--- Data Enclosed Below ---

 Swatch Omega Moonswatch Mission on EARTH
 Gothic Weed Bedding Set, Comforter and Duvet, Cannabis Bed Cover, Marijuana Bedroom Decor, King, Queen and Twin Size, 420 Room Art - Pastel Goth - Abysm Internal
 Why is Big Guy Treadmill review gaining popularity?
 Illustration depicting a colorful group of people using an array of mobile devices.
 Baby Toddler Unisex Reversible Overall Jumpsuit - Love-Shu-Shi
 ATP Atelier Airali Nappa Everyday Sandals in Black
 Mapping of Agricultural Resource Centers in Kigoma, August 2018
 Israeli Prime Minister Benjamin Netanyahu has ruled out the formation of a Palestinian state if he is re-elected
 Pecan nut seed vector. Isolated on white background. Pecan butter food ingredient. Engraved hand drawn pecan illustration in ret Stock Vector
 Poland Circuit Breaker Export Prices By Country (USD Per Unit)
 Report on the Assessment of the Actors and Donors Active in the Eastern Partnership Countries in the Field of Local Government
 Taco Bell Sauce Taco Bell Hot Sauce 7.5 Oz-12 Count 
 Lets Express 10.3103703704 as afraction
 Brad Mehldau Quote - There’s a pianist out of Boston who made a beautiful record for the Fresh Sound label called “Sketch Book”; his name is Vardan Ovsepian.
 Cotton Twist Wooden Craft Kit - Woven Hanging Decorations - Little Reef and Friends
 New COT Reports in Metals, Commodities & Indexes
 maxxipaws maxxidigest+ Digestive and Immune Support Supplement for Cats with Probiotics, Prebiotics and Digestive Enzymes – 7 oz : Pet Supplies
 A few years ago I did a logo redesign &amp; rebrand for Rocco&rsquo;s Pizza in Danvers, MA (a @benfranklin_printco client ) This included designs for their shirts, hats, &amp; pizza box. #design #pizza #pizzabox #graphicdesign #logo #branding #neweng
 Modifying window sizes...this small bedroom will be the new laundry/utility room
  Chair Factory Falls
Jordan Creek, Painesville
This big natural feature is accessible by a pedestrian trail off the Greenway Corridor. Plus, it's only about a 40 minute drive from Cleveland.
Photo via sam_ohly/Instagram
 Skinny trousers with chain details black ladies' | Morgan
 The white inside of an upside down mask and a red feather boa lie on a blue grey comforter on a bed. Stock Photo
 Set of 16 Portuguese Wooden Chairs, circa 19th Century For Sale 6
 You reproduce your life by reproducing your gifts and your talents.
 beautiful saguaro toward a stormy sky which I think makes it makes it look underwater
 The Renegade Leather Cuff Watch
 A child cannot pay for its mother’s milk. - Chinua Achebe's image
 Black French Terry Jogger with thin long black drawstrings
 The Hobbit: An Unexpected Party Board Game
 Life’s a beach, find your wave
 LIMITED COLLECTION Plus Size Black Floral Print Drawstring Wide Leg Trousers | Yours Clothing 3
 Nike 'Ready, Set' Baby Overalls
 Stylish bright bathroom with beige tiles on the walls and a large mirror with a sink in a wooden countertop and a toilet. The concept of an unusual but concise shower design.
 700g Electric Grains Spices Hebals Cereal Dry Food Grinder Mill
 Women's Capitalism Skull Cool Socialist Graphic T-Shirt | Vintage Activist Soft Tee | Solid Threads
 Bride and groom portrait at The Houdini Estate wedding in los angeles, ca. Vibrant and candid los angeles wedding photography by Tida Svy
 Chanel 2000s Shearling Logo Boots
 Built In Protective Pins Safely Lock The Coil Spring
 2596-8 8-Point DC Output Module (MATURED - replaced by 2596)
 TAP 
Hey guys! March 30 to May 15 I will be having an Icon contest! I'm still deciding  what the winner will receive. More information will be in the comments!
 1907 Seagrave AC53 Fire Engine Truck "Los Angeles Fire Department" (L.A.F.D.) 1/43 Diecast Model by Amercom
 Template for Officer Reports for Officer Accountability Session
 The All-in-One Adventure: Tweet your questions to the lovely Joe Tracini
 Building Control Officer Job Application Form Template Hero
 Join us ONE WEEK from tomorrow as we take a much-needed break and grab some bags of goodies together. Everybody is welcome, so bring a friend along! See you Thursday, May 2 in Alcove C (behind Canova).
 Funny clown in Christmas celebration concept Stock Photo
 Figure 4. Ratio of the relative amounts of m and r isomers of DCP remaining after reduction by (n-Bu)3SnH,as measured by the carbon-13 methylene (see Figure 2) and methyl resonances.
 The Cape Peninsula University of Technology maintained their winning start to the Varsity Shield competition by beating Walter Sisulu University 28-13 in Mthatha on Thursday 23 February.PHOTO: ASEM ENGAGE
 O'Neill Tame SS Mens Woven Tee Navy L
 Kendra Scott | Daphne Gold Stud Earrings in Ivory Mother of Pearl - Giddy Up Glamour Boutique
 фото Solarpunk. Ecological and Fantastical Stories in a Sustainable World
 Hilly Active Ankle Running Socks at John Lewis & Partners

--- End of Enclosed Data ---

§ **Exercise**
Of the lines above, output exactly those from the line bearing "Stylish bright bathroom" through the line bearing "Hey guys! March", inclusive.

§ **Answer below**
 Stylish bright bathroom with beige tiles on the walls and a large mirror with a sink in a wooden countertop and a toilet. The concept of an unusual but concise shower design.
 700g Electric Grains Spices Hebals Cereal Dry Food Grinder Mill
 Women's Capitalism Skull Cool Socialist Graphic T-Shirt | Vintage Activist Soft Tee | Solid Threads
 Bride and groom portrait at The Houdini Estate wedding in los angeles, ca. Vibrant and candid los angeles wedding photography by Tida Svy
 Chanel 2000s Shearling Logo Boots
 Built In Protective Pins Safely Lock The Coil Spring
 2596-8 8-Point DC Output Module (MATURED - replaced by 2596)
 TAP 
Hey guys! March 30 to May 15 I will be having an Icon contest! I'm still deciding  what the winner will receive. More information will be in the comments!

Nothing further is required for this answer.